Assignment:
Find the line with "Home Decor Ideas" in the entries below, then output every line from it down to the line with "hickey-turim_logo_large (7)", exactly and with no pictures.

Data section:
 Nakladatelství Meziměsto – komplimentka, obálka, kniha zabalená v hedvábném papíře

--

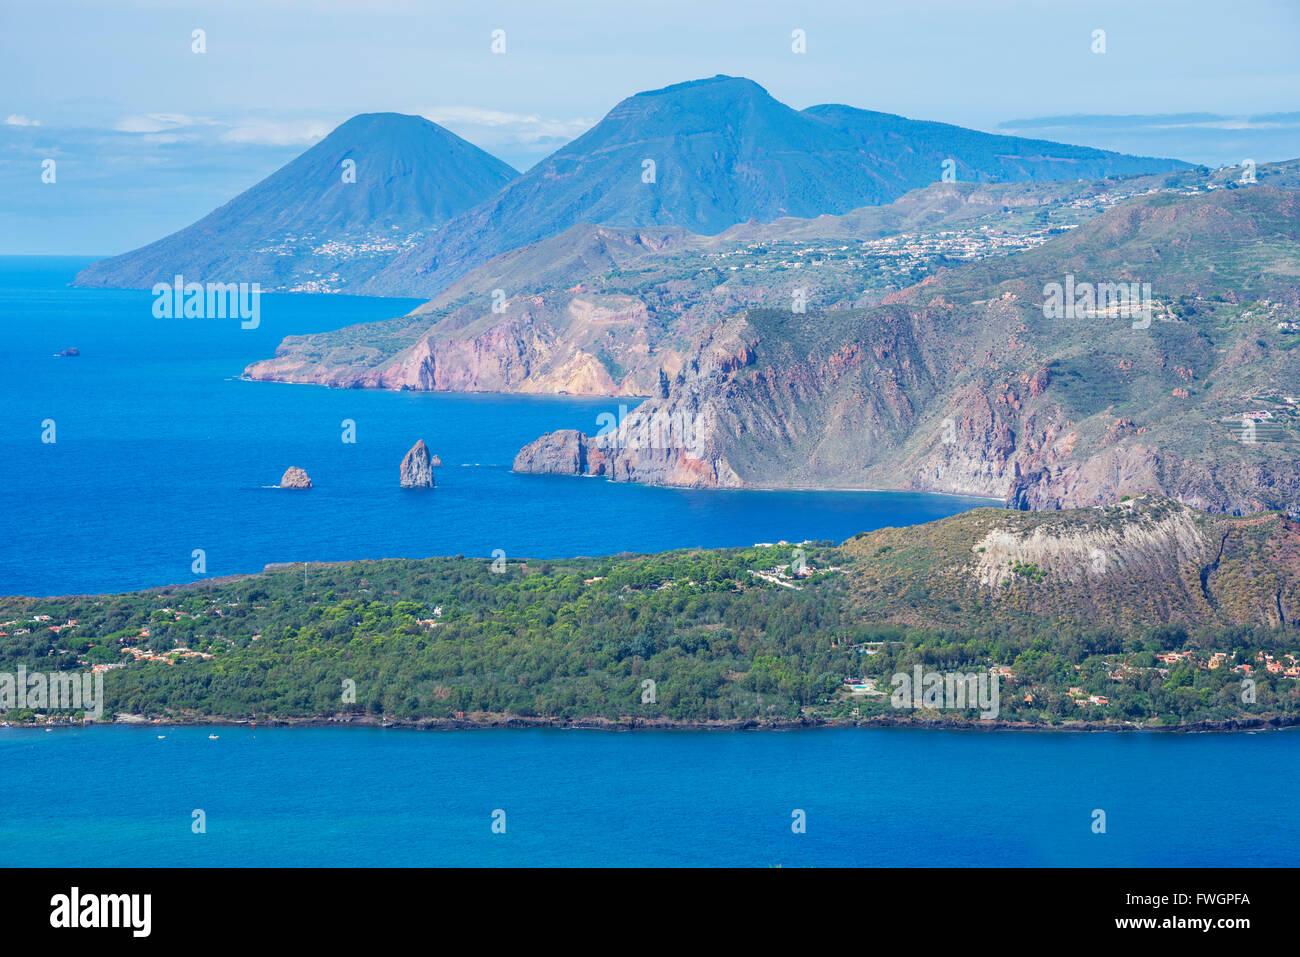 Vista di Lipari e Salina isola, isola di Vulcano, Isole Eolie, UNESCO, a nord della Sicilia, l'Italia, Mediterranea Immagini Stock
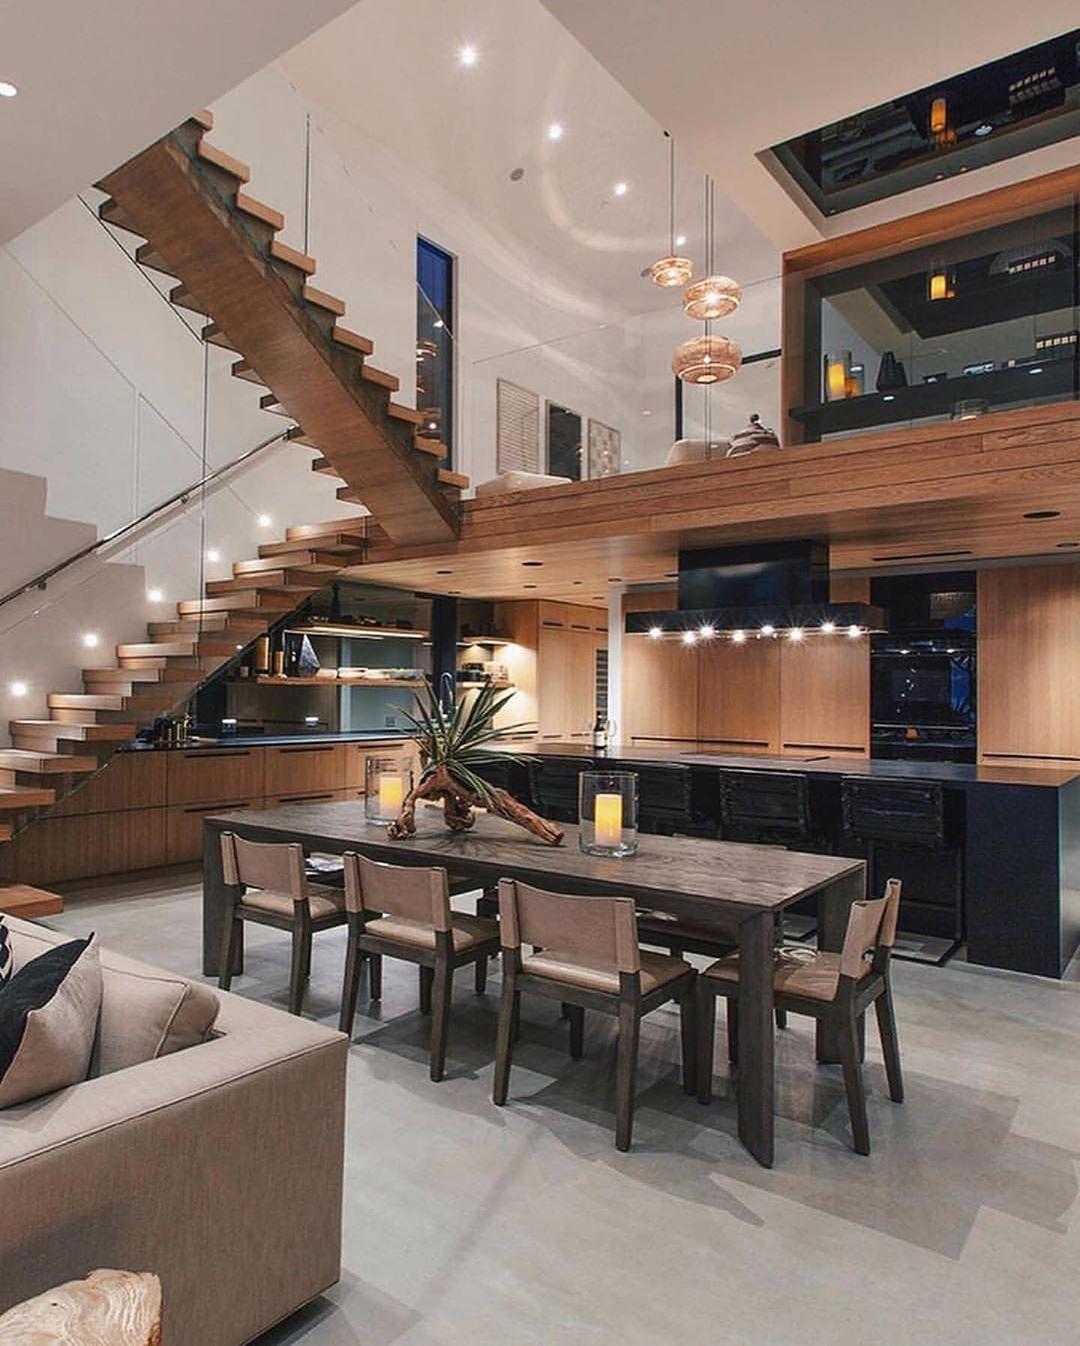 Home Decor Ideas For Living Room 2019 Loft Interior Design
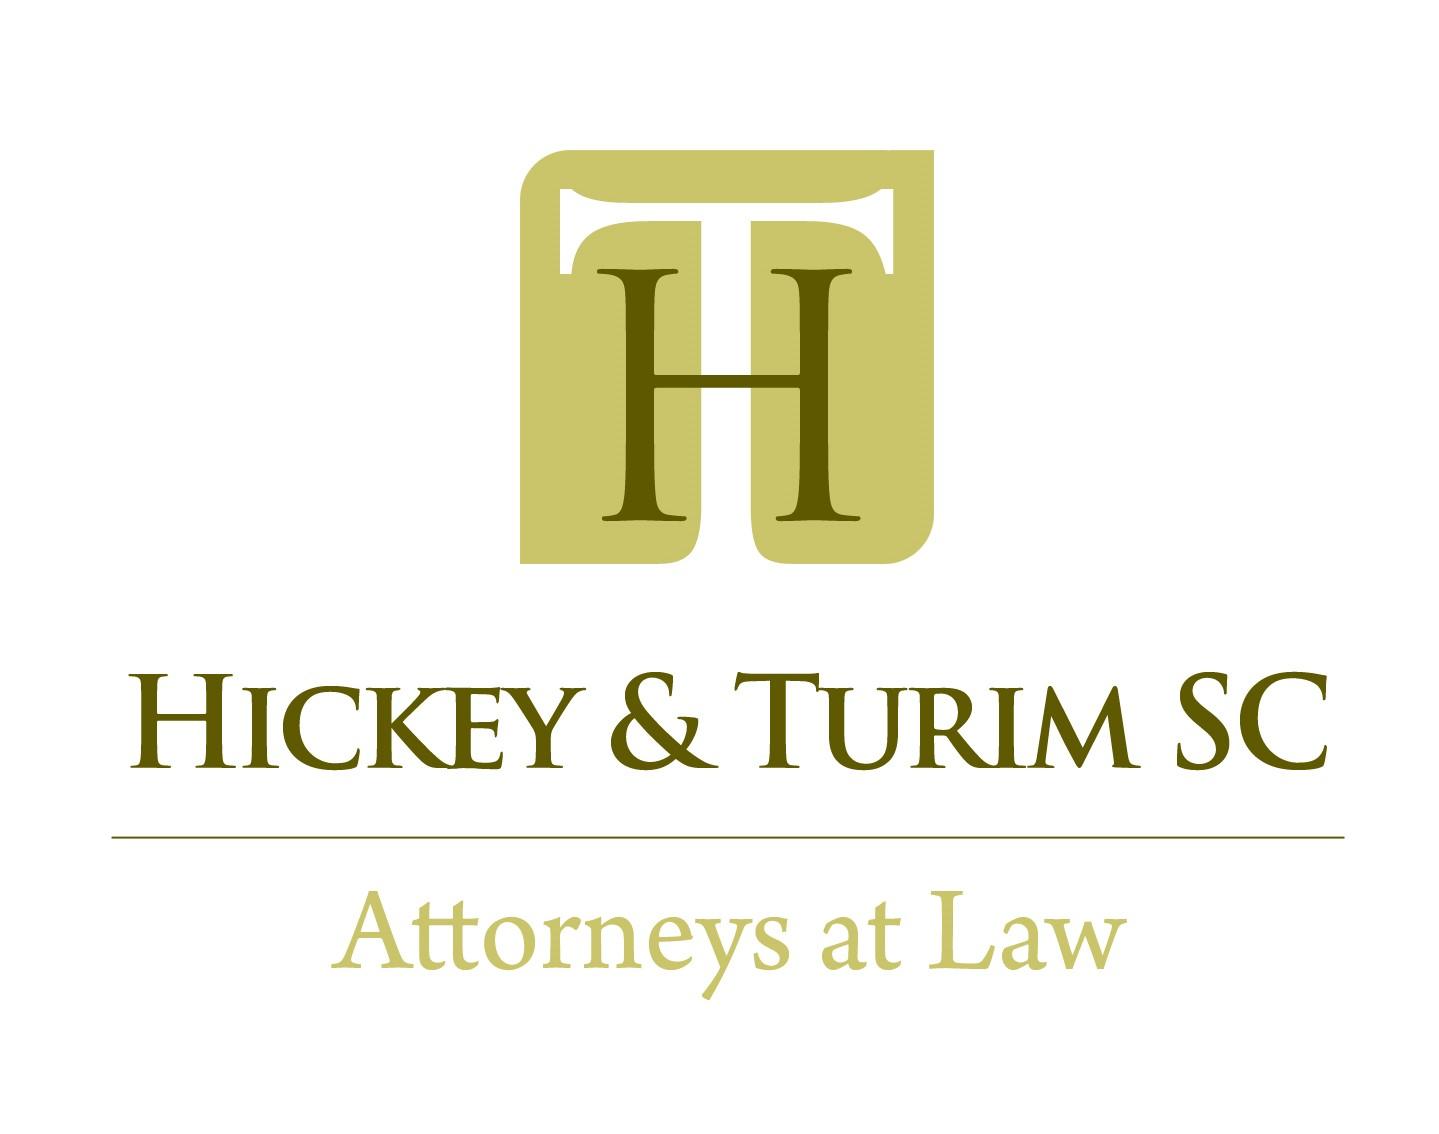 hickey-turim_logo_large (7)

Result for this exercise:
 Home Decor Ideas For Living Room 2019 Loft Interior Design
 hickey-turim_logo_large (7)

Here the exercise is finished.